The task - Pictures stay out of the copy, which must hold exactly the lines from the one containing "Kombat Kids Army" through the end of the material below.
+++ Available data
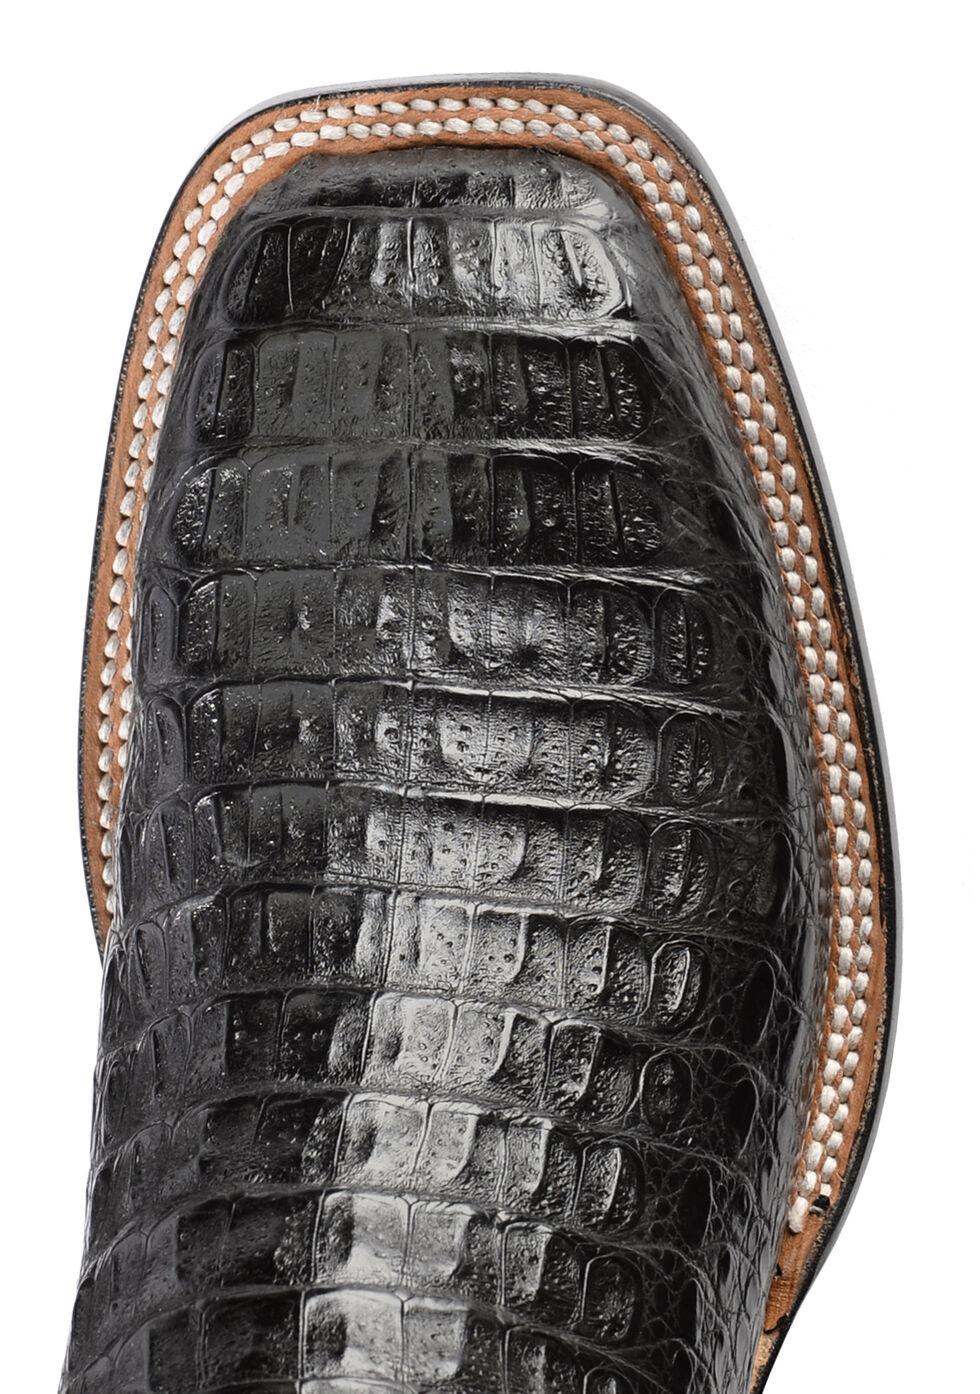 Lucchese Handmade 1883 Men's Rhys Hornback Caiman Cowboy Boots - Square Toe, Black, hi-res
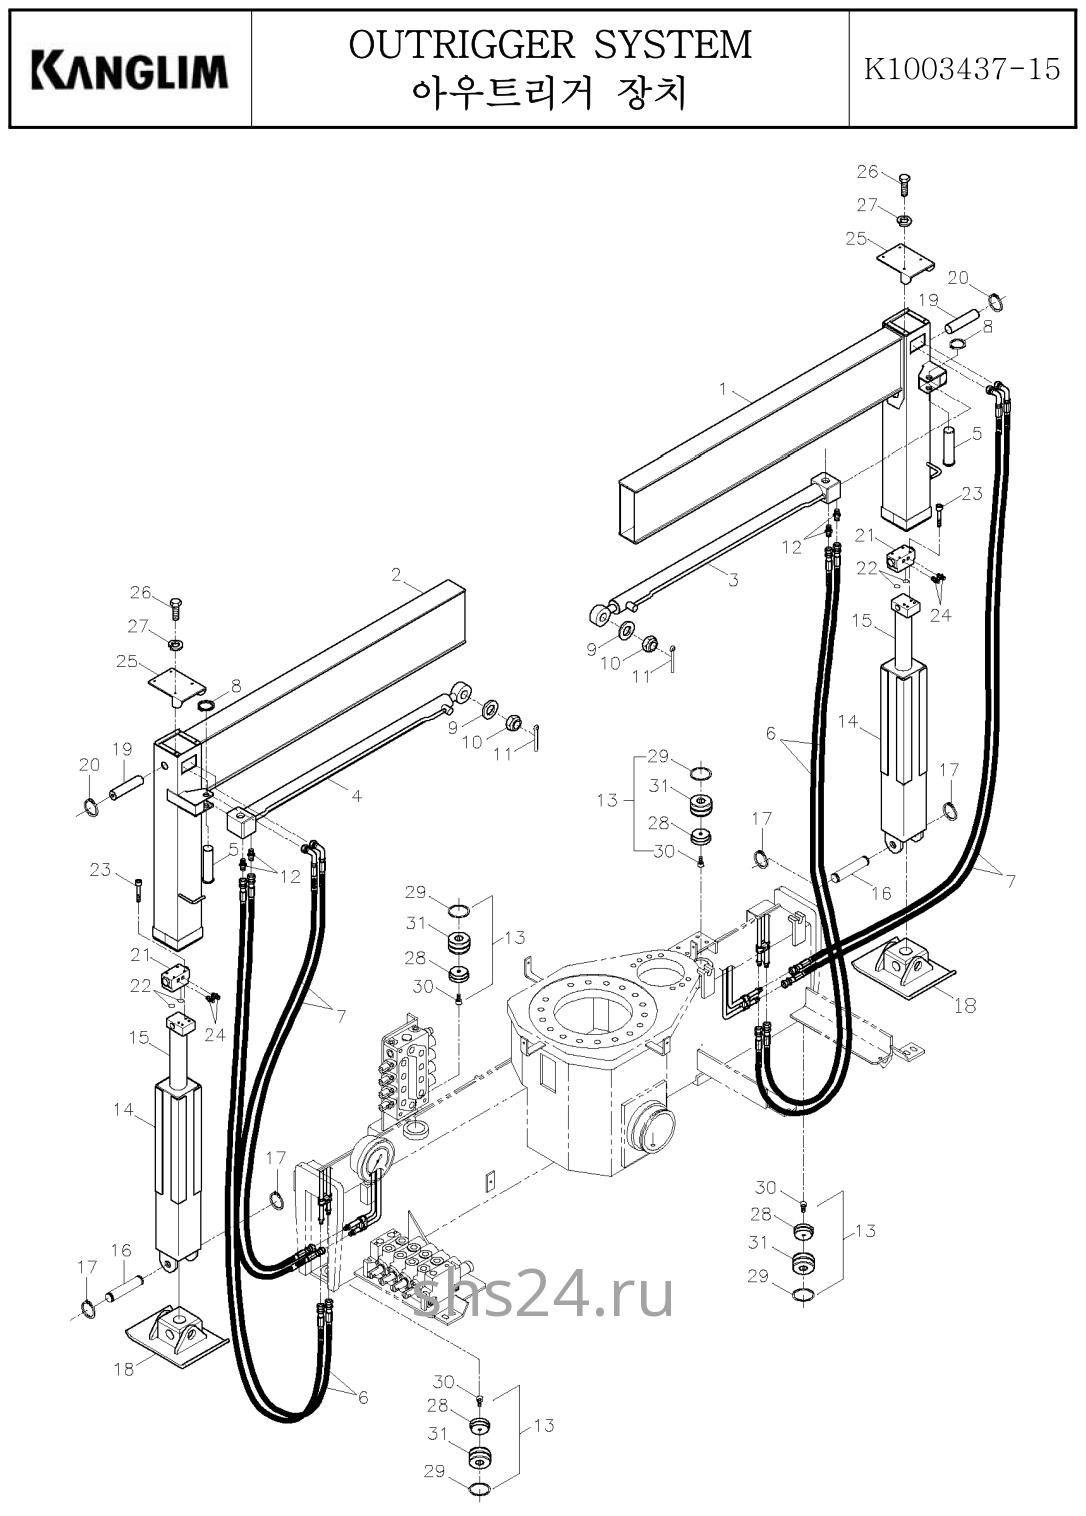 Передние опоры(аутриггеры) Kanglim KS 733,734,735
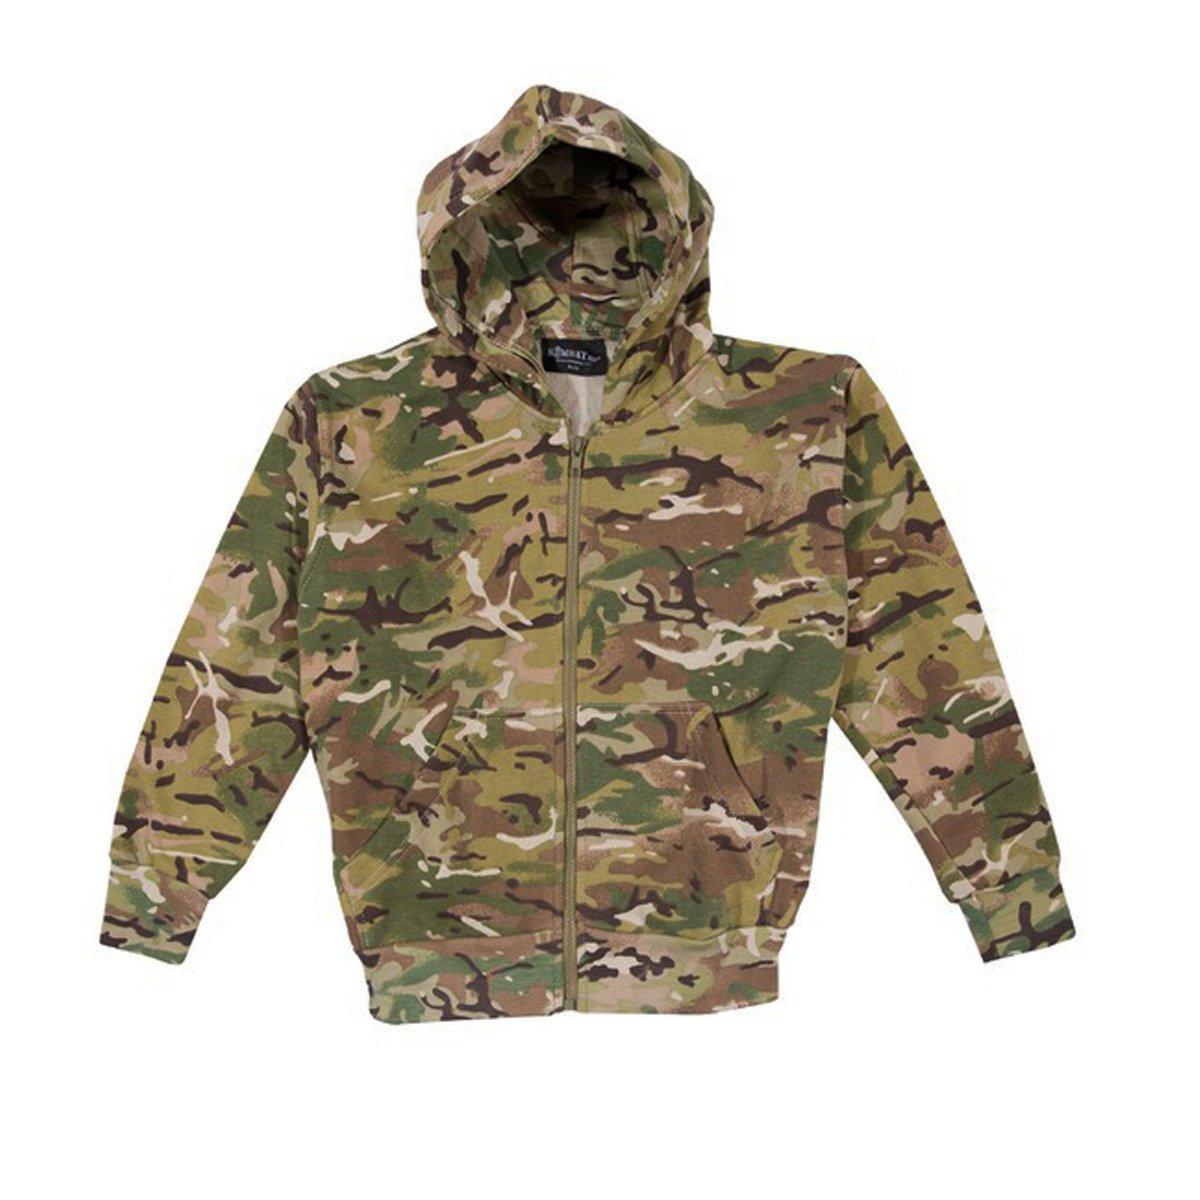 Kombat Kids Army Style Hoodie BTP Camo Airsoft Cadet COMBAT
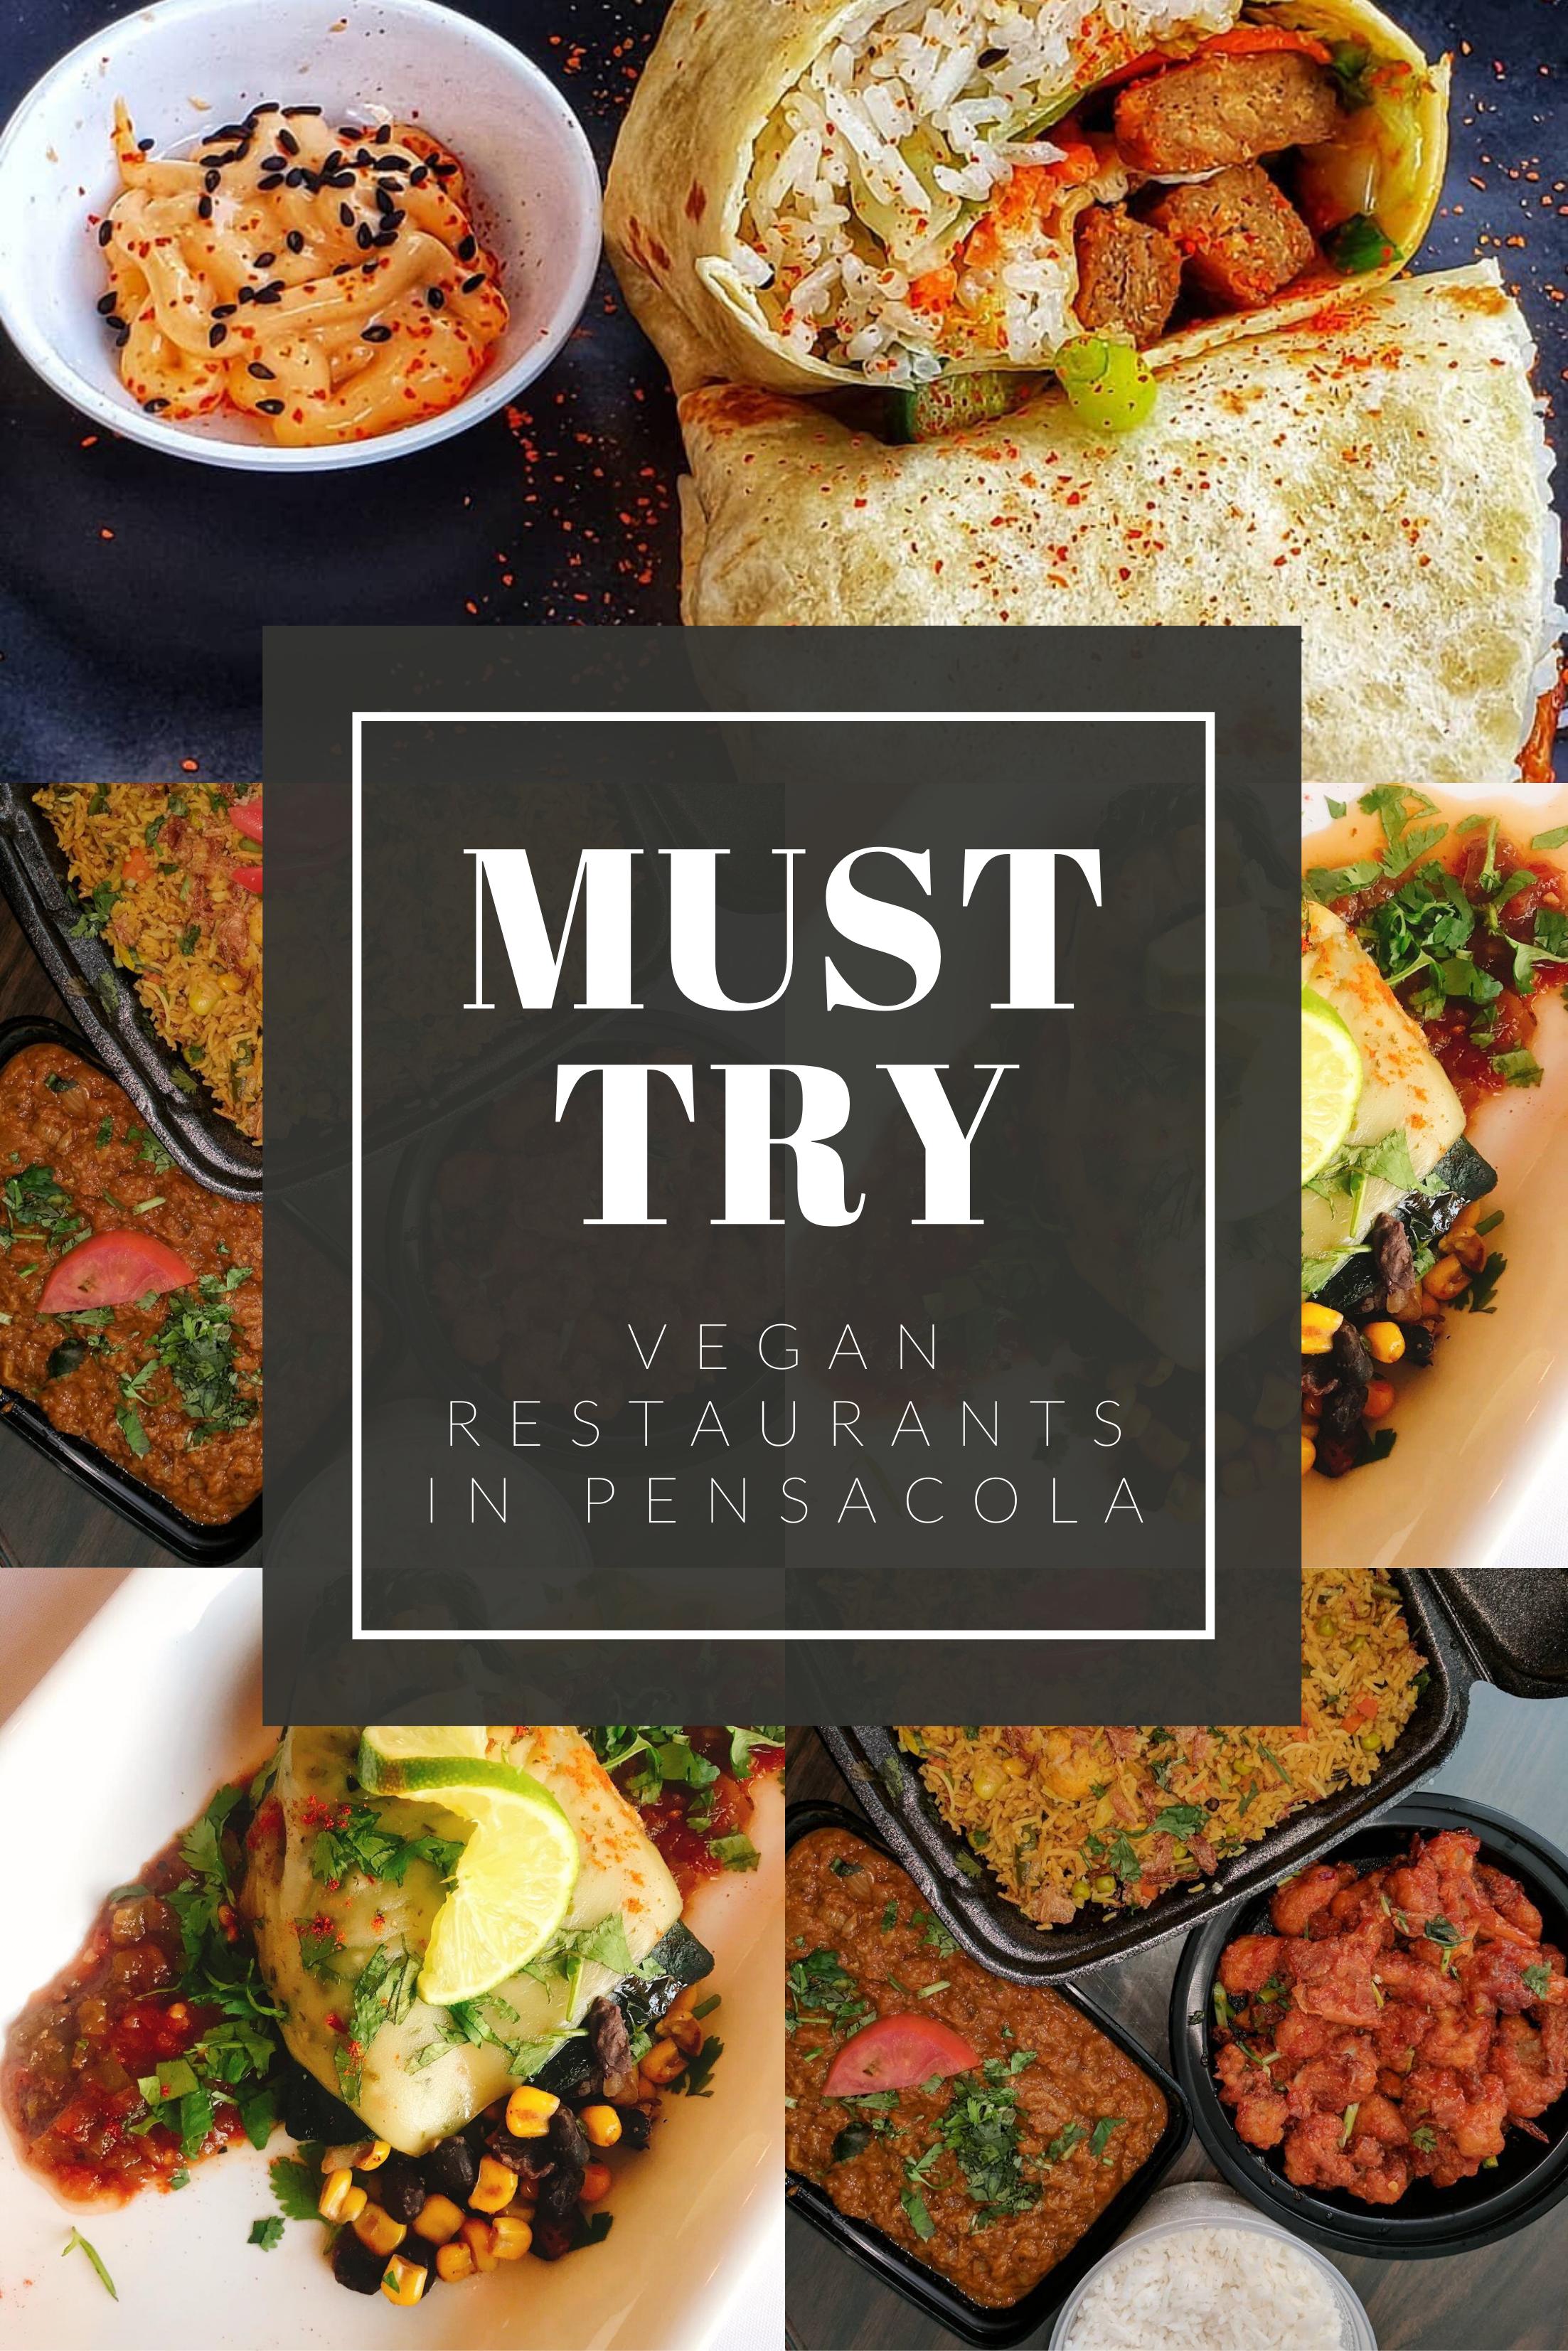 Pensacola S Vegan Treats You Ll Love To Eat Vegan Restaurants Food Critic Vegan Dishes
++++++
Task response -
 Kombat Kids Army Style Hoodie BTP Camo Airsoft Cadet COMBAT
 Pensacola S Vegan Treats You Ll Love To Eat Vegan Restaurants Food Critic Vegan Dishes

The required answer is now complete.